Back to Machine Levels

L5 - High-Level Languages

  • Provides enough abstraction to concentrate on solving a problem without worrying about the detail of implementing it on a computer.

L4 - Assembly

  • Can be written by anybody on top of the ISA instruction set.
  • English-like syntax.
  • Very close to the set ISA instruction set, often with 1:1 mapping.
  • There are, however, abstract instructions that map to several ISA instructions.

L3 - OS Level

  • The OS level is assembled from L4.
  • Some instructions directly carried out at L2.
  • Others interpreted by the OS into L2 instructions. These are system calls.

L2 - ISA Level

  • Defined by the manufacturer.
  • The ISA instructions are published and used for all interaction with the processor.
  • They contain all necessary information to write a program.
  • Especially important are the basic operations implemented in the processor.
  • Manufacturers provide a mnemonic (or English-like) version of the instructions along with hexadecimal to make it easier to understand programs written for the processor.
  • Lines and lines of binary are hard for people to understand!
  • The mnemonic version of the ISA instructions form the basis of any assembly language.
  • The assembler takes the assembly/mnemonics and creates the equivalent machine code.

L1 - Microarchitecture

  • Gates arranged into memory units, arithmetic logic unit.

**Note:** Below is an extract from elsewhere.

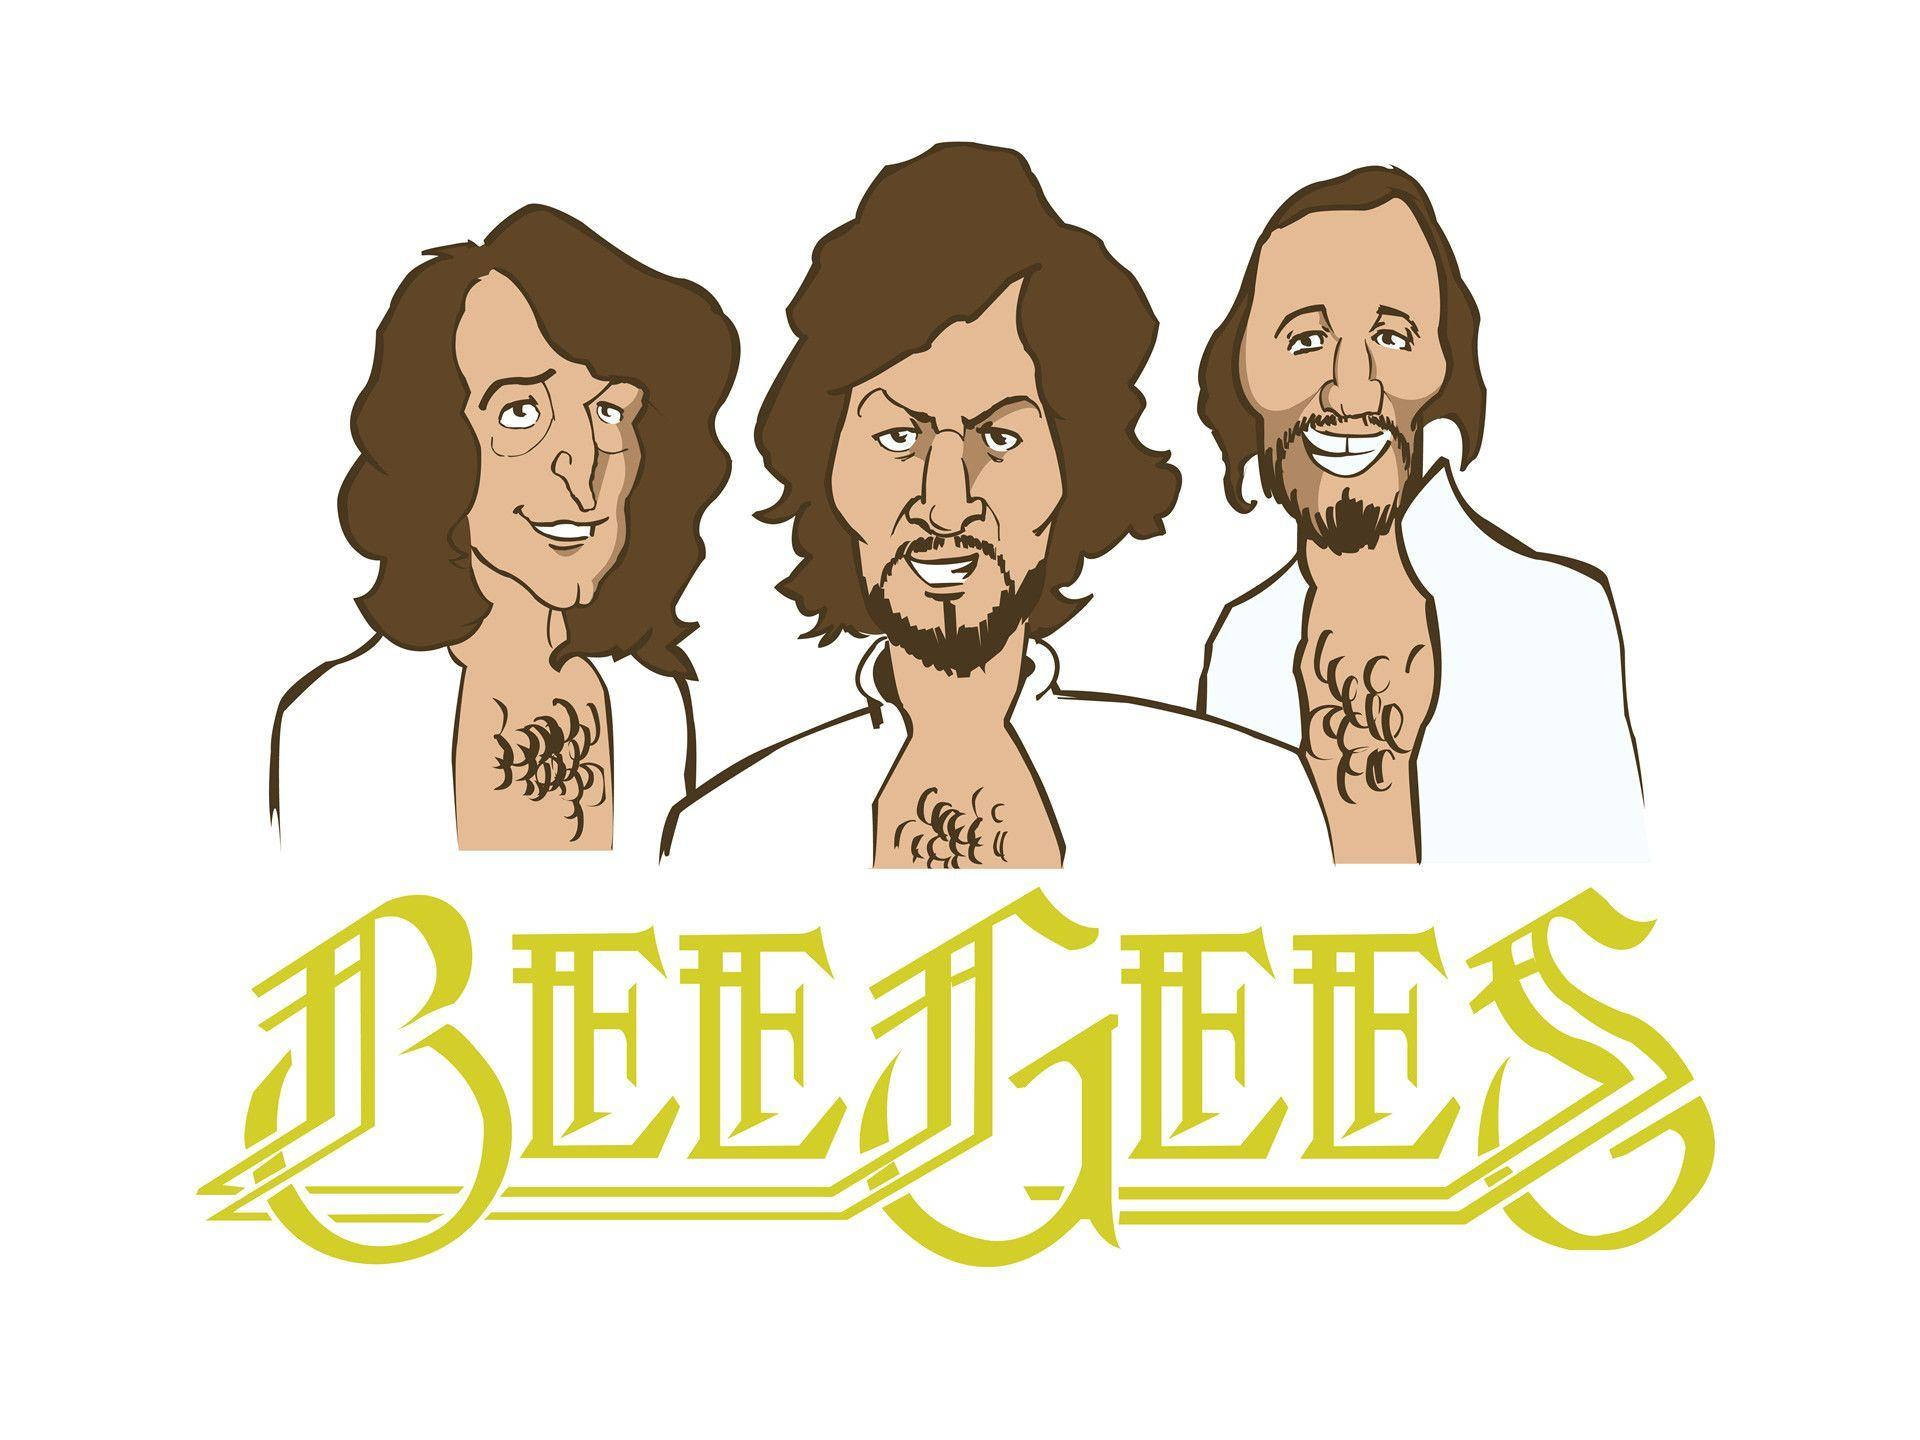 Bee Gees Musical Group Vector Art Wallpaper

L0 - Components and Basic Structures

  • Individual components put together to make gates and other structures.

Compilation Process

  • The program is made in a high-level language like C.
  • It's compiled into assembly.
  • And from here it's assembled into machine code via the operating system.
  • The operating system takes the program and puts it into the right place in memory by creating a process and running it.
  • Some of the instructions are carried out directly by the processor and others are interpreted by the OS.

C Code

  • Preprocess: gcc -E hello_world.c > hello_world.i. The -E flag explicitly runs the preprocessor.
    Preprocessing replaces includes.
  • Compile: gcc -S hello_world.i. The -S flag explicitly creates assembly code output, .s file.
  • Assemble: gcc -c hello_world.s. The -c flag explicitly creates an object file, .o file.
    This is machine code.
  • Link: gcc -o hello_world hello_world.c. The -o flag explicitly creates the executable by finding the missing functions, for example, printf() and scanf() from the standard C library, libc.
  • You can create the executable in one go using gcc -o hello_world hello_world.c.

The select Function

select is used when waiting for input or output.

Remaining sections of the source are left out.